Chairman of the Board of Intel Corporation Craig Barrett argued about the importance of keeping pace with the global economy at the Yale School of Management on Tuesday, responding to criticisms made last year by SOM Dean Jeffery Garten that Intel outsources high-level jobs.
Barrett’s 30-minute speech, presented as part of SOM’s ongoing Leaders Forum series, drew a packed audience in SOM’s General Motors room and was followed by a 45-minute question-and-answer period. The chairman addressed Garten’s article, “The High Tech Threat from China,” which ran in BusinessWeek Magazine in late January 2005 and singled out Intel as one of a number of Western companies speeding up China’s advancement by establishing huge research and development facilities there.
In his presentation, Barrett also focused on international competitiveness and its rise over the past decade, saying that his travels to up to 30 countries a year have provided him with insight on the rapid expansion of the global marketplace.
“In the last decade, we’ve seen the fall of the Iron Curtain and China’s entry to the global market,” Barrett said. “That means there are 3 billion more consumers and 3 billion more people who want jobs in established economies.”
Barrett spoke directly to criticisms in Garten’s piece, in which the dean argued that “U.S. companies are understandably seeking the best talent and lowest cost of operations anywhere, but in the process they are sharing America’s intellectual treasures with a foreign rival in unprecedented ways.”
Addressing SOM students, Barrett said that the question was not how to prevent outsourcing, but how to maintain America’s competitiveness in the international economy.
“The answer is to examine our education systems, create value by adding ideas generated through research and development, and creating an environment to support investment and education,” Barrett said. “Unless you maintain those three factors, you risk dislocation in this new economic order.”
Barrett said the United States has mixed success in each of the mentioned areas.
“K-12 performance on math and science in the U.S. is in the lowest 10 to 15 percent among the established economies,” Barrett said. “We also have one of the highest corporate tax rates in the world at about 35 percent because the U.S. looks at investment as a tax base, while other countries look at it as a means for the creation of jobs.”
School of Management professor Judith Chevalier said she enjoyed the general theme of Barrett’s talk, but would have liked to hear more details about specific initiatives that Intel has undertaken.
“He made a lot of points I agreed with about research and development and education being an important factor in developing economies,” Chevalier said. “There were points I would have liked him to talk more about at length.

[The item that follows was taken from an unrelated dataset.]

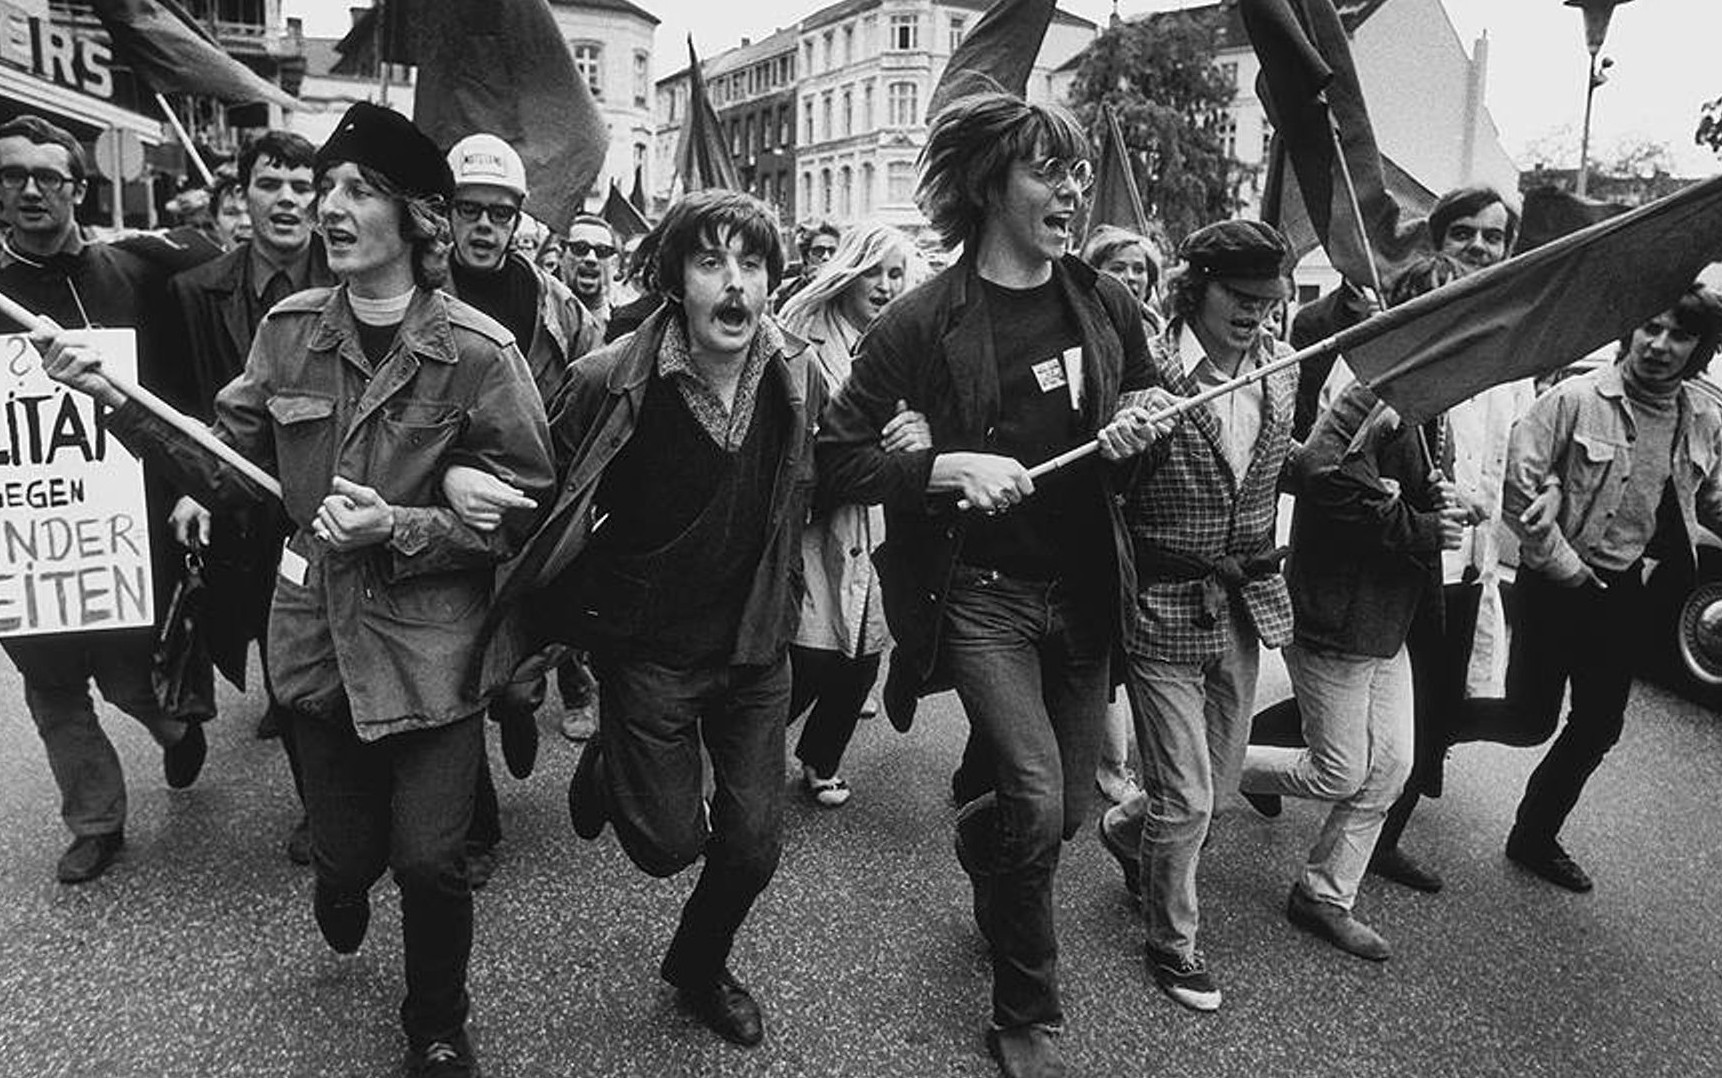 Кризис 1960 1970. Студенческие протесты США 1968. Студенческие протесты в ФРГ В 1968 году. Париж 1968 студенческие бунты. Студенческие протесты 1968 Германия.

I would have loved hearing more about how teachers in developing nations are using computers and the Internet in the classroom.”
Abiodun Aina SOM ’06, one of several students who attended an informal lunch with Barrett following his presentation, said the chairman came across as a relaxed and open speaker.
“He seemed very thoughtful and very engaging,” Aina said. “He was comfortable with the issues we were discussing and obviously very well-informed.”
Barrett, who was elected to the Board of Directors of Intel in 1992, became president of the board in 1997 and chairman of the board in 2005.